Aug 16, 2018 - World

China's plan to control the future of the internet

Man uses cell phone to take picture of Christmas lights, which are out of focus

A man takes a photo in Beijing. Photo: Wang Zhao/AFP/Getty Images

President Xi Jinping is ramping up China's efforts to control speech on the internet at home and export that more restrictive model abroad, Adam Segal details in Foreign Affairs.

Why it matters: "Given China’s size and technological sophistication, Beijing has a good chance of succeeding — thereby remaking cyberspace in its own image," Segal warns. "If this happens, the internet will be less global and less open."

China is trying to pioneer what it calls “cyber-sovereignty,” Segal writes, or "a world of national Internets, with government control justified by the sovereign rights of states." That's in direct conflict with the U.S.-led vision of the internet as open, interoperable, reliable, and secure.

  • To that end, Xi is introducing strict regulations on Chinese tech and telecom companies, while seeking to cut China's dependence on foreign technology to maximize control.

Government control: Xi founded the Cyberspace Administration of China in 2014 to control online content and enhance cybersecurity.

  • Last year, the government told Tencent and other tech companies to freeze websites which included discussions about history, the military, and international relations.
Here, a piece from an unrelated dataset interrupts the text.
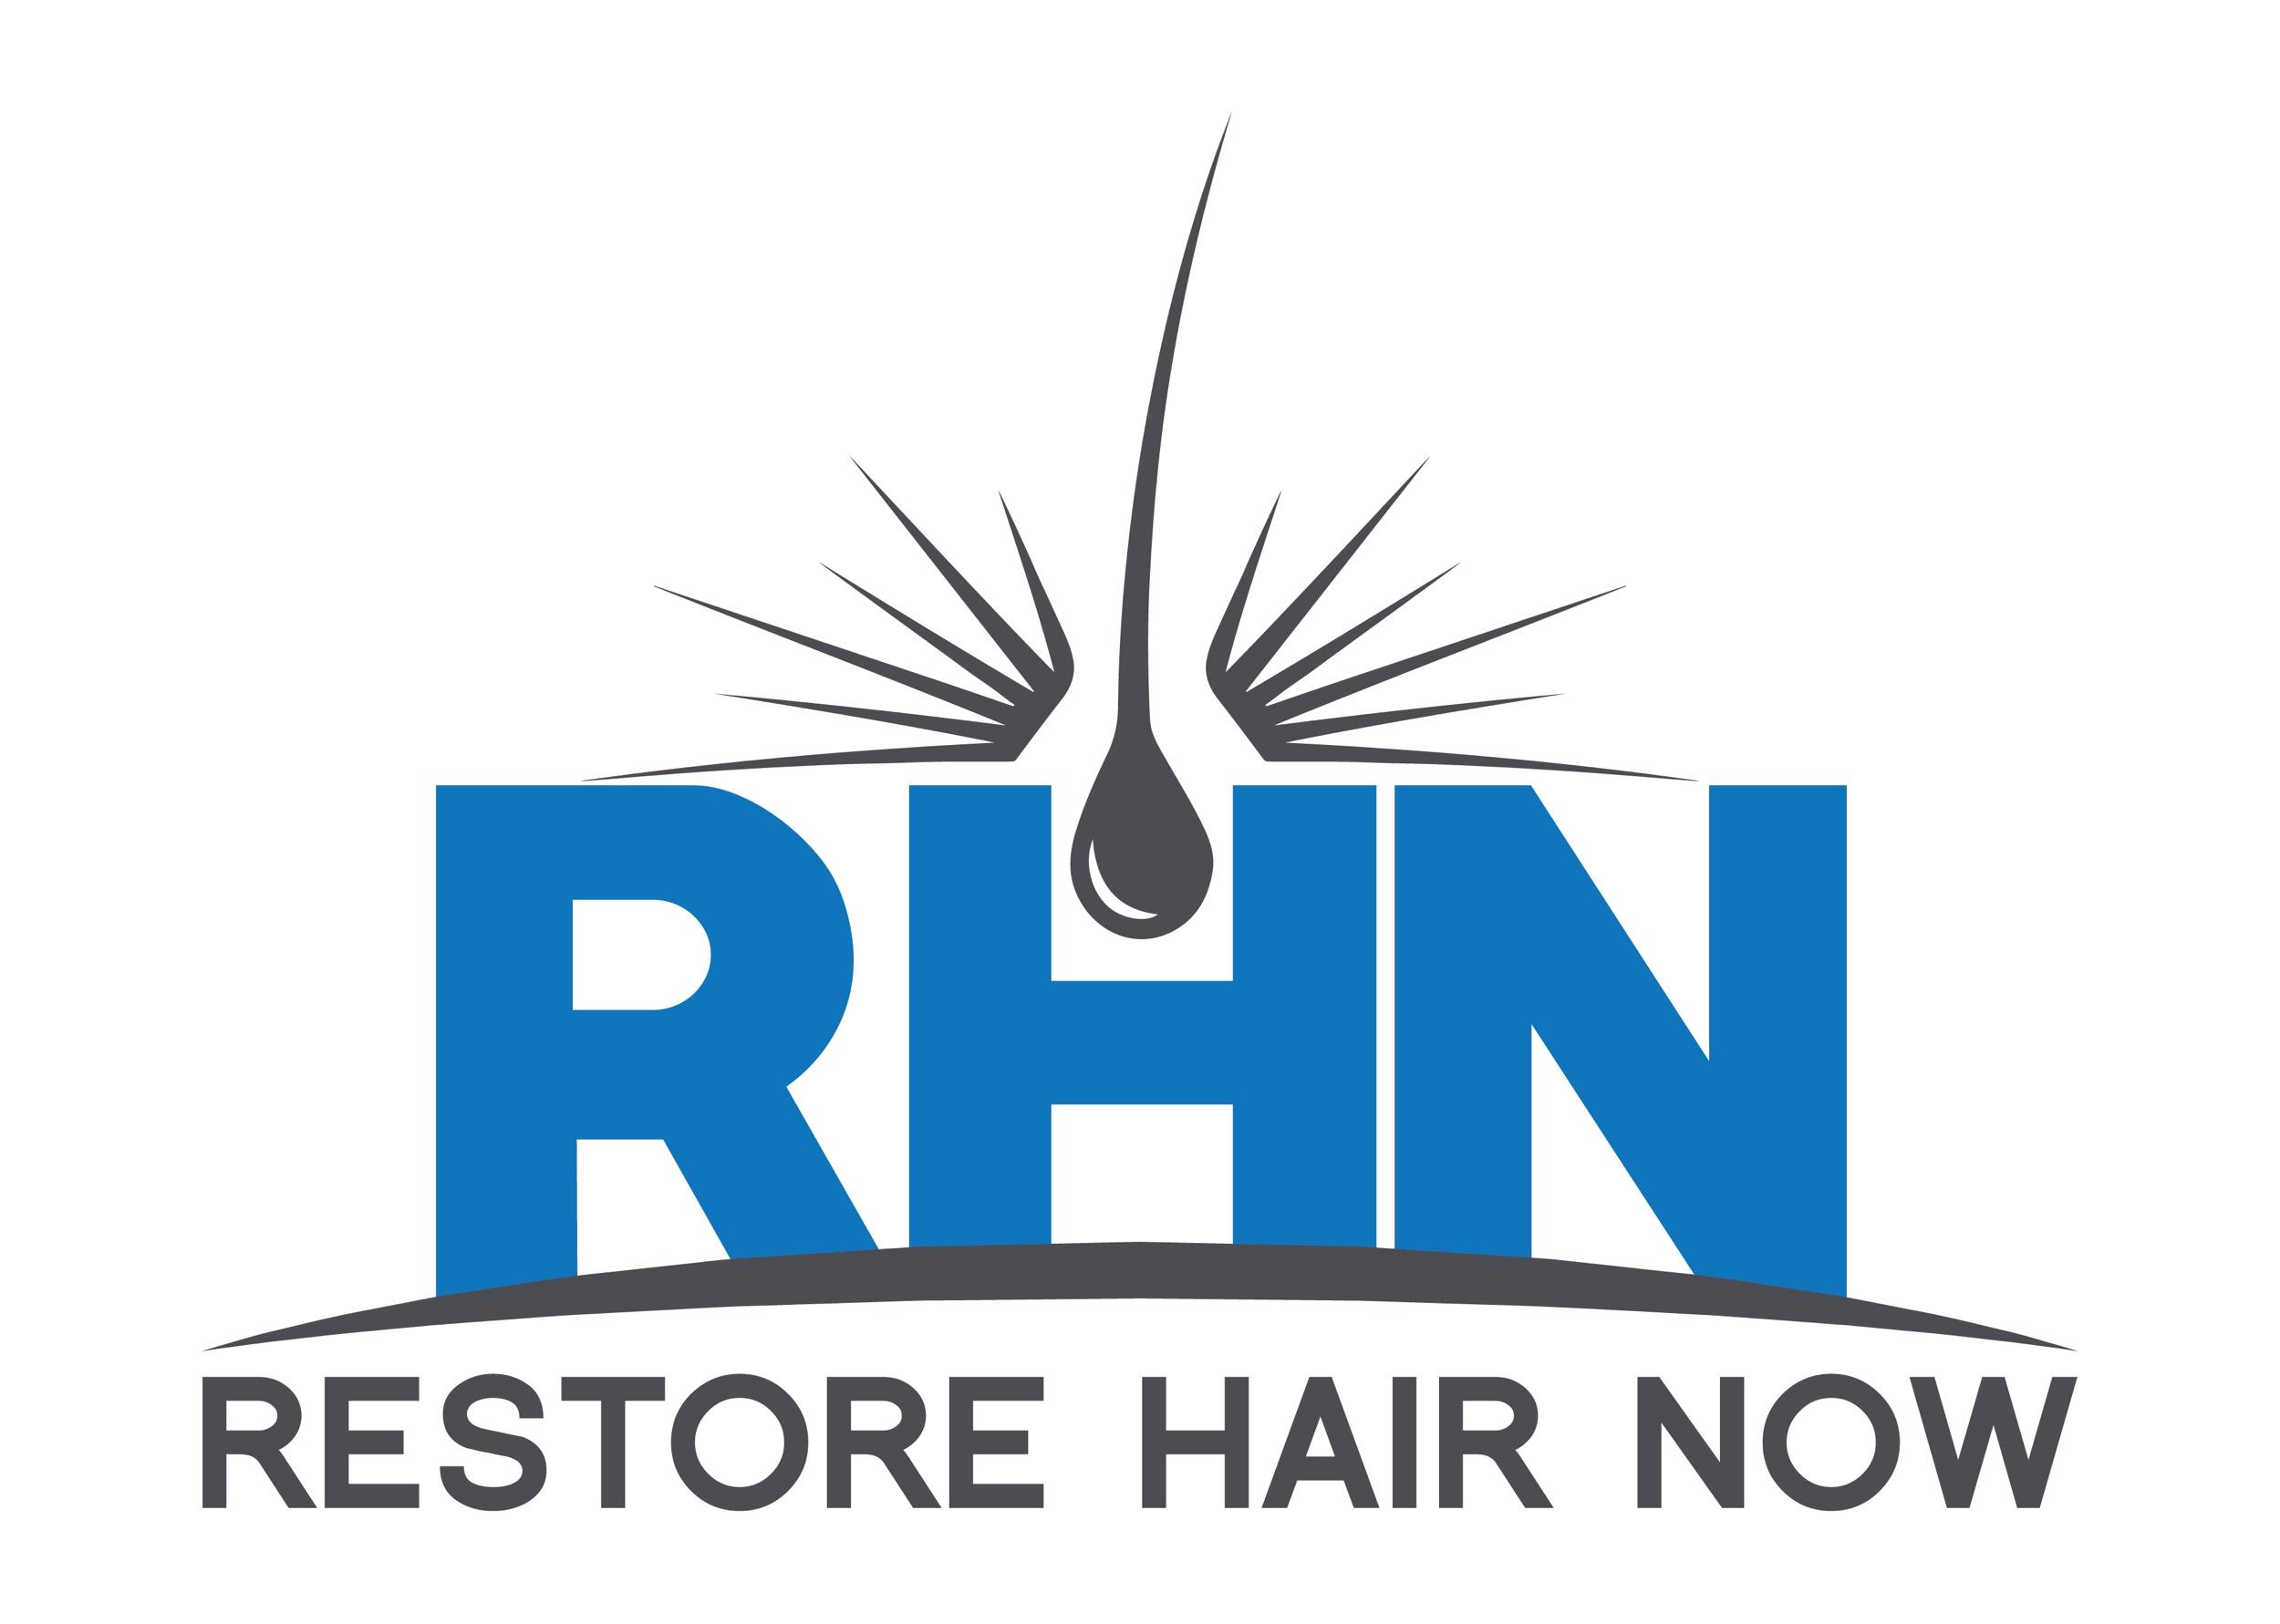 Restore hair now-01.jpeg

It later fined Tencent, Baidu, and Weibo for hosting banned content.
  • Officials have ordered telecom companies to block virtual private networks (VPNs) used to skirt censorship. Apple complied and removed VPNs from its App Store in China.
  • The government has mandated that private companies store their data in China, which means the government will likely have easy access to it.

Reducing foreign dependence: This year when ZTE, which relies on U.S.-made microchips and other equipment, had to shut down temporarily due to U.S. sanctions, Chinese concerns about foreign dependence deepened.

  • China is pushing its firms to develop 70% of the microchips used in China by 2025 and is investing $150 billion in the next decade to improve the design and manufacture of microprocessors.
  • China has ramped up its attempts to buyout U.S. semiconductor companies in recent years, biding 27 times between 2013-2016. Compare that to just six deals between 2000-2013.
  • China is also investing heavily in artificial intelligence and quantum computing, which could help it bypass conventional encryption.

What to watch:

  • China is graduating more science and engineering students than any other country and contributing 20% of the global investment in research and development. Experts say China could well become the dominant force in artificial intelligence within a decade.
  • China's efforts at information control are shaping the way even massive U.S. companies conduct business. Just today, about 1,000 Google employees signed a letter asking for more transparency about the project to bring a censored version of Google to China.
  • China is exporting data analysis, cloud storage, and surveillance to countries in Africa and the Middle East that are likely to support Beijing's vision of the internet's future.